Both companies have fought vigorously against the German government and its Energiewende – its transition to a renewables-based energy grid and its rapid phase out of nuclear power.

However, since the centre-right government of Germany has held firm on its policies, both on the deployment of renewables and the phasing out of nuclear – E.ON and RWE have now accepted that their future lies in new technology, large scale renewables, distributed generation, battery storage and micro-grids.

E.ON plans to jettison its entire portfolio of centralised generation – including coal, gas and its remaining nuclear assets, so it can focus on advanced distribution networks and smart energy solutions for its customers.

E.ON chief executive Johannes Teyssen said the energy market would be shaken up by digital and other technological innovation. “We see a lot of opportunities here for products and services that we’re developing for and in partnership with our customers,” he said.

RWE says it is also focusing on networks, new products such as smart meters, and renewable energy, although it is not yet splitting its assets. It says, however, that it is watching E.ON’s plans with interest. Analysts show signs of impatience, noting that the inability to generate cash from fossil fuel generation, and a balance sheet that has to cater for decades of outflows for nuclear decommissioning, the company lacks a clear answer about its long term positioning.

Teyssen said the split will be one of the biggest of any kind – both in the energy industry and in Europe. He compared the two companies to a “car and the road” – the new E.ON being the car, and the old one being the road.

“You can’t have one without the other,” he said. But E.ON, after the split, intends to have no shares in the “old” company. The long term future of centralised generation – nuclear in Germany and fossil fuels in general, simply doesn’t warrant it.

Teyssen says the energy market would be shaken up by digital and other technological innovation. “We see a lot of opportunities here for products and services that we’re developing for and in partnership with our customers,” The Guardian quoted him as saying.

RWE, despite writing off the value of most of its coal assets last year, says it is still struggling to make profits – because of the sharp slump in wholesale prices in Germany.

CEO Peter Terium says almost half of the company’s conventional power stations were not making money.

Operating profits from conventional power production tumbled 29 per cent in the last year, and the cash-flow from its conventional generators was barely break-even.

“The situation in conventional electricity generation in particular is deteriorating too fast and too severely for us to counteract,” Terium said.
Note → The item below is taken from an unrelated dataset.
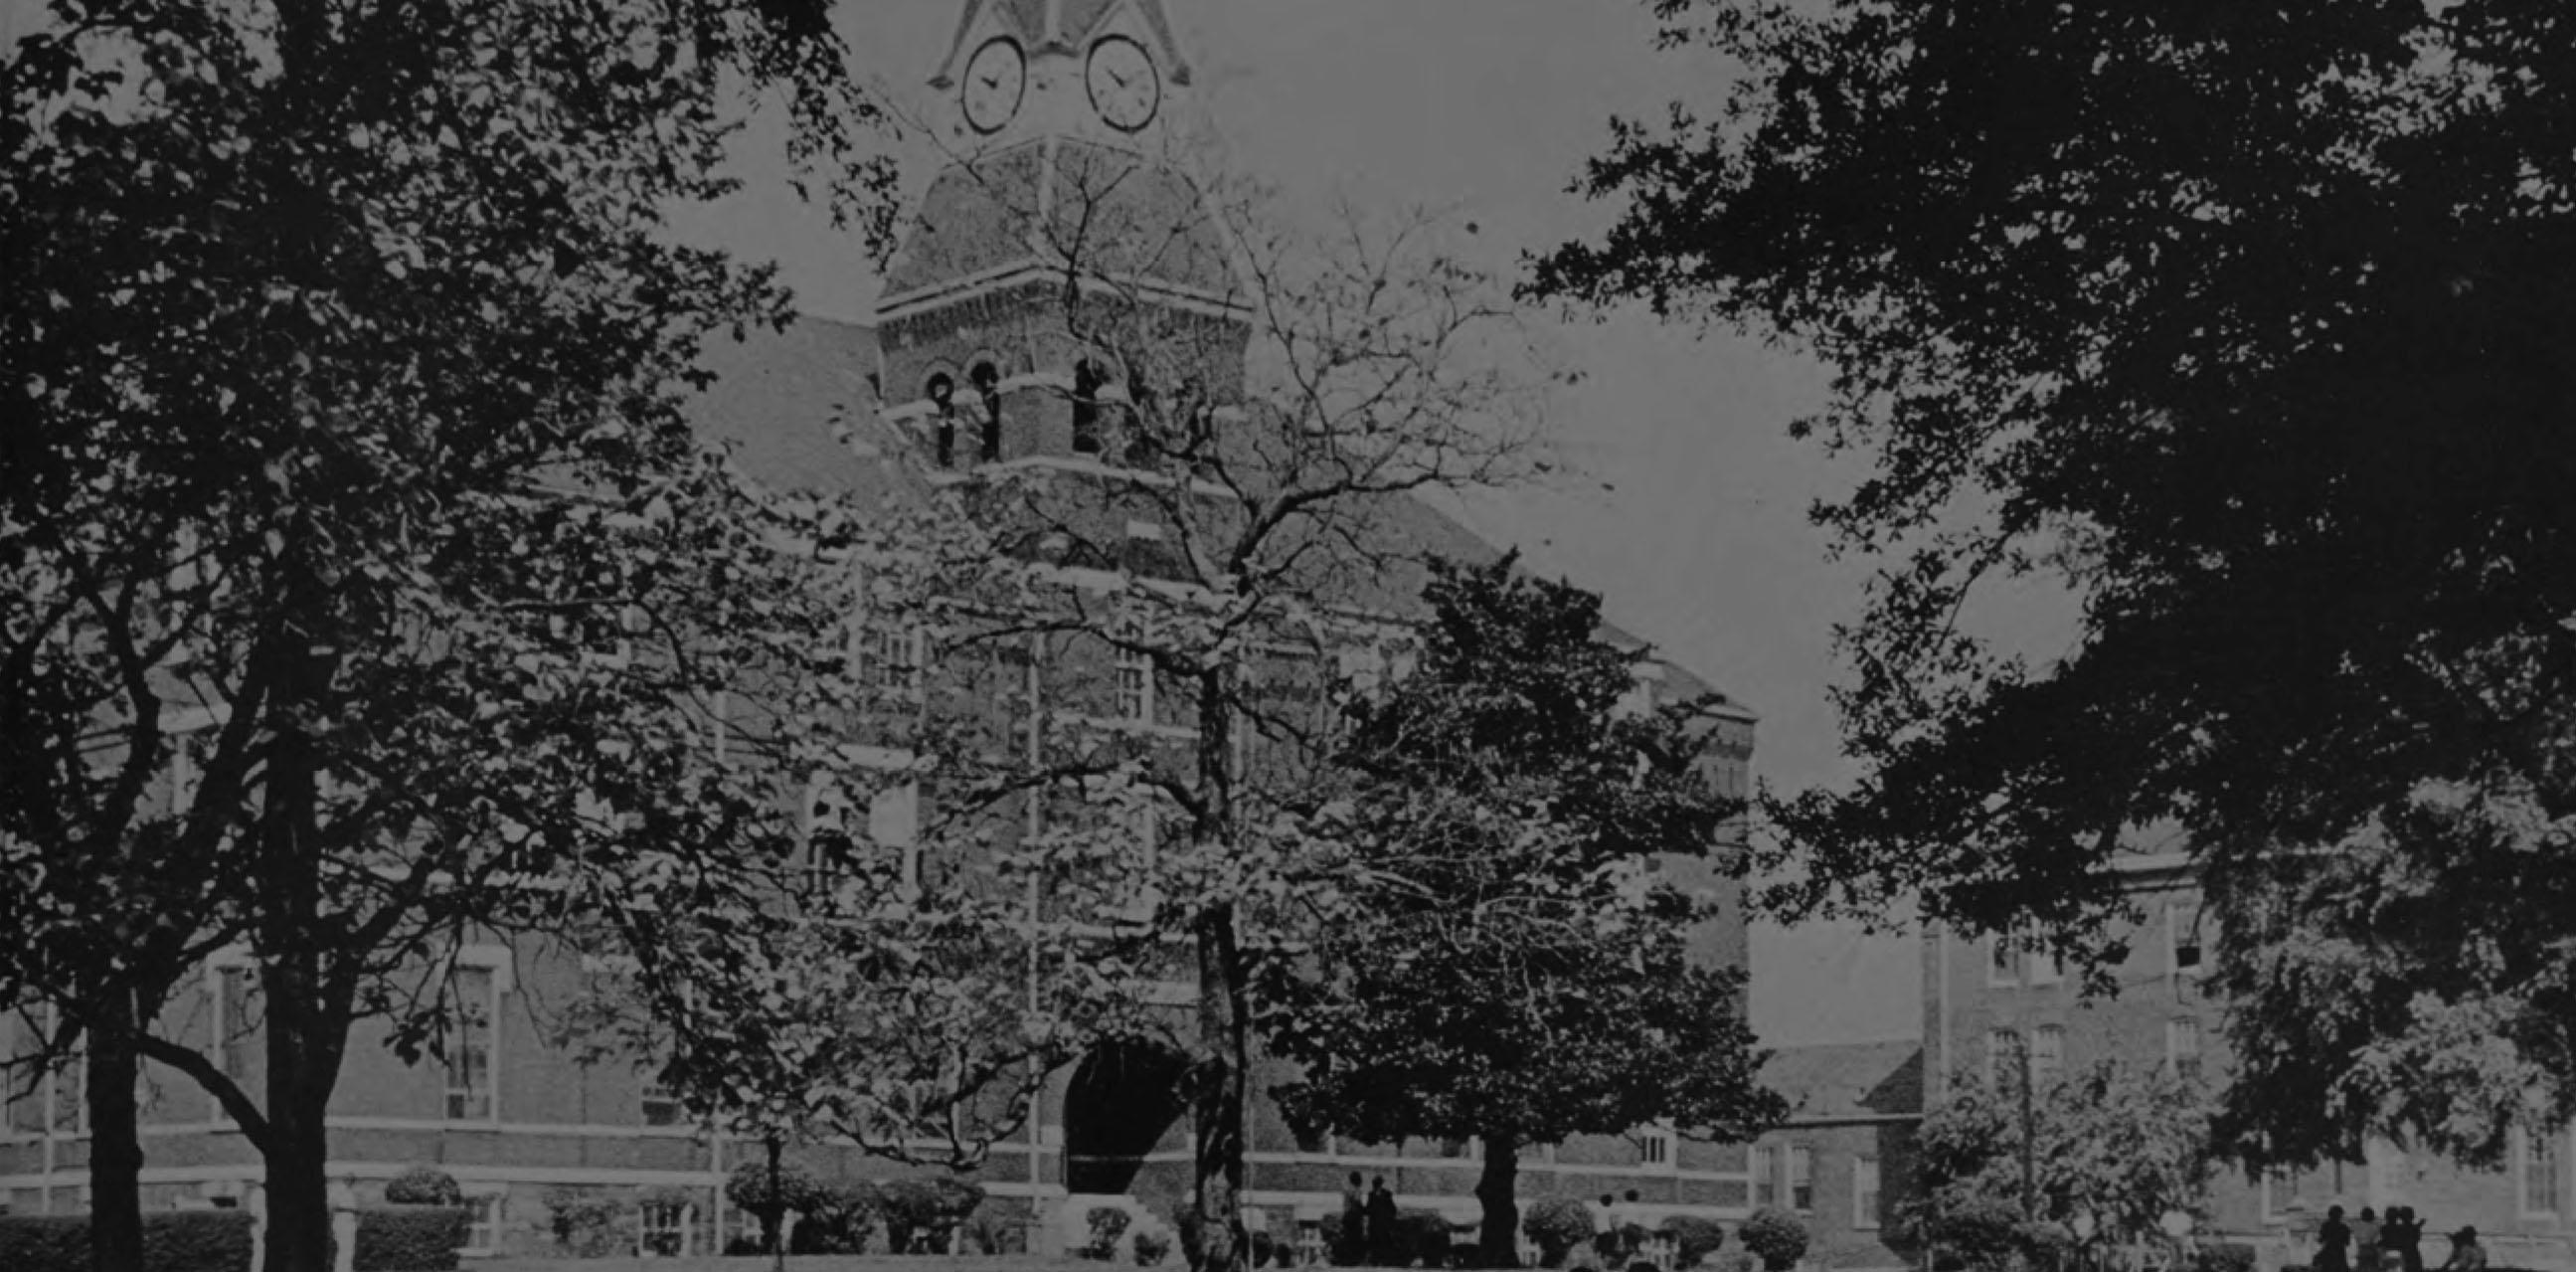 Morris Brown College, a private, liberal arts institution located in Atlanta, Georgia, was founded in 1881 by the African Methodist Episcopal (A.M.E.) Church for the

At current prices, “RWE Generation will have to post an operating loss in the not-too-distant future.”

This explains the move by the two German energy giants into renewables and distributed energy.
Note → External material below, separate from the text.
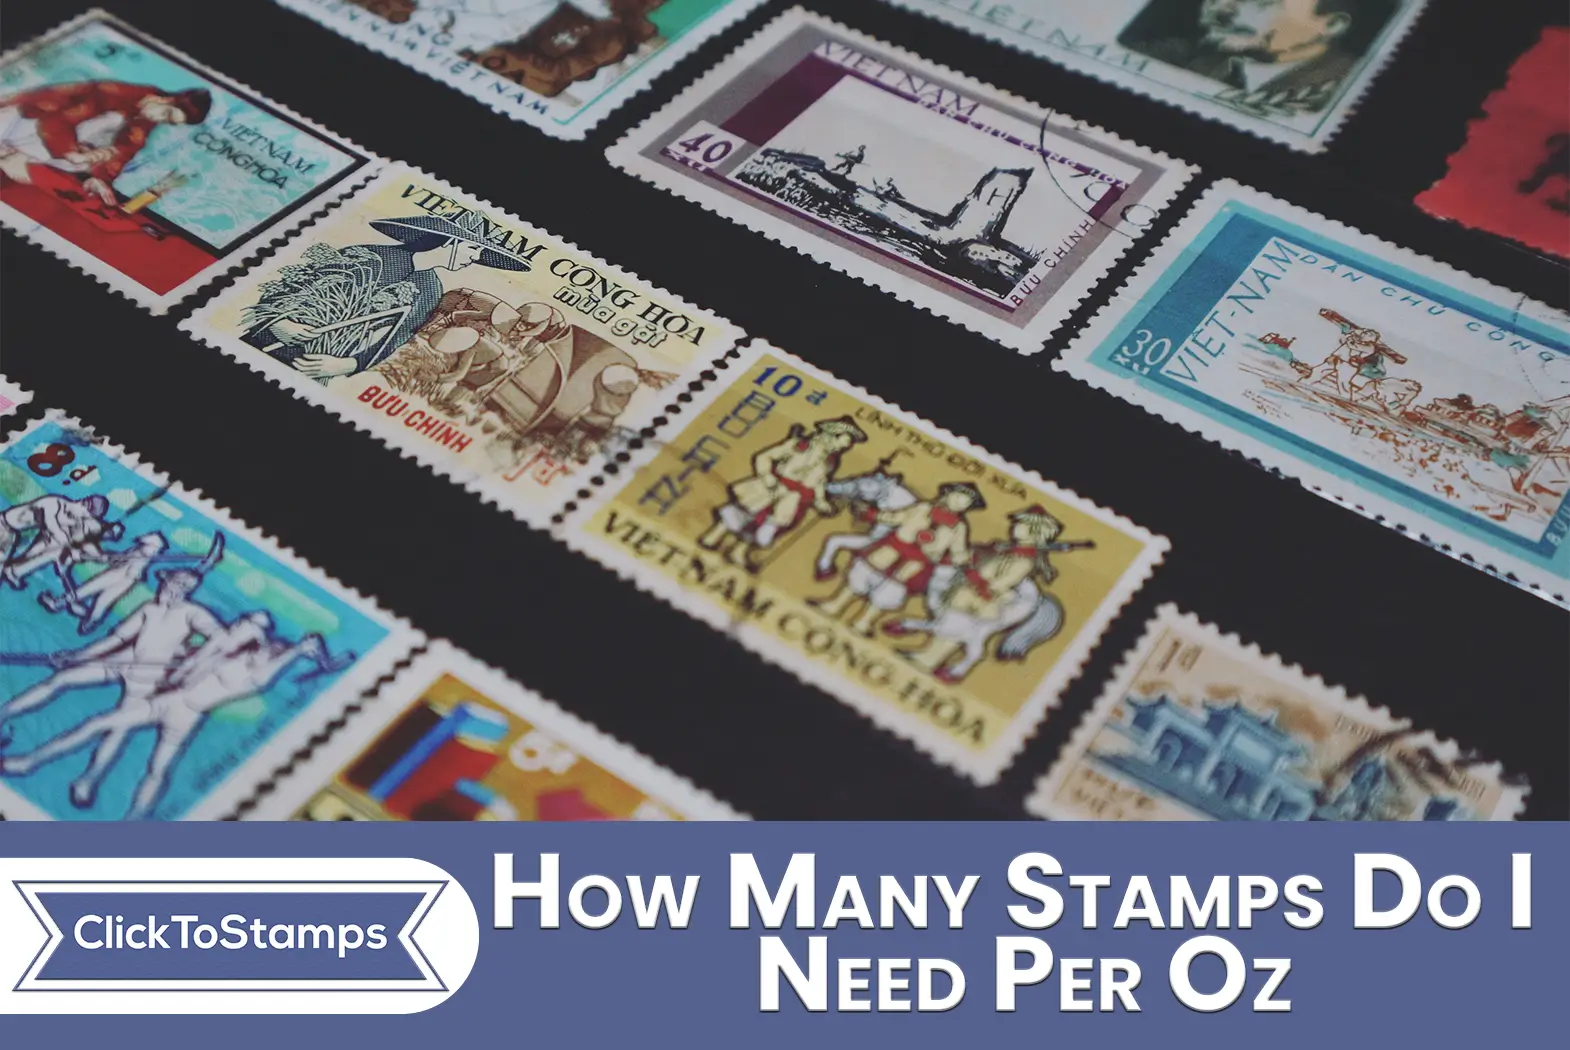 How Many Stamps Do I Need Per Oz

Analysts expect the shift in the EU’s energy policy will accelerate the establishment of a new market design, which will increasingly rely on distributed (i.e. decentralised) generation, lower consumption and smart technologies.

“We believe that – across the industry – value will keep moving away from large power plants towards networks and ‘client solutions’,” UBS analysts noted in a recent report.

The policy and energy landscape is changing across western Europe because governments are encouraging wind, solar and other renewables as part of a switch to a low carbon economy.

This is mainly motivated by growing fears about the impact of carbon emissions on climate change, but they are also driven by a determination to improve energy security, and lessen their reliance on Russian gas imports.

RWE said it may shut down more coal plants because of the downturn. After a brief spike following the closure of some nuclear plants immediately post Fukushima, emissions are now at their second lowest level since 1990, and black coal generation is also at its second lowest level since 1990.

Energy efficiency has meant that the nexus between economic growth and power consumption has been decoupled, wholesale prices are at record lows, and retail prices are also starting to fall.

Both RWE and E.ON are hoping that Germany will set up so-called capacity markets to subsidize conventional energy producers, which they say are needed for stabilising power supply given the intermittency of wind- and solar-generated electricity.

But the German government is resisting. It argues that such subsidies are not needed, and that energy storage could provide an answer. Even so, a new study shows that long term, or seasonal storage, may not be needed in Germany for many years.

RWE and E.ON are also waging battles with the government over the nuclear fuel tax, and the level of provisions for decommissioning nuclear plants, which will need to occur in the next 10 years.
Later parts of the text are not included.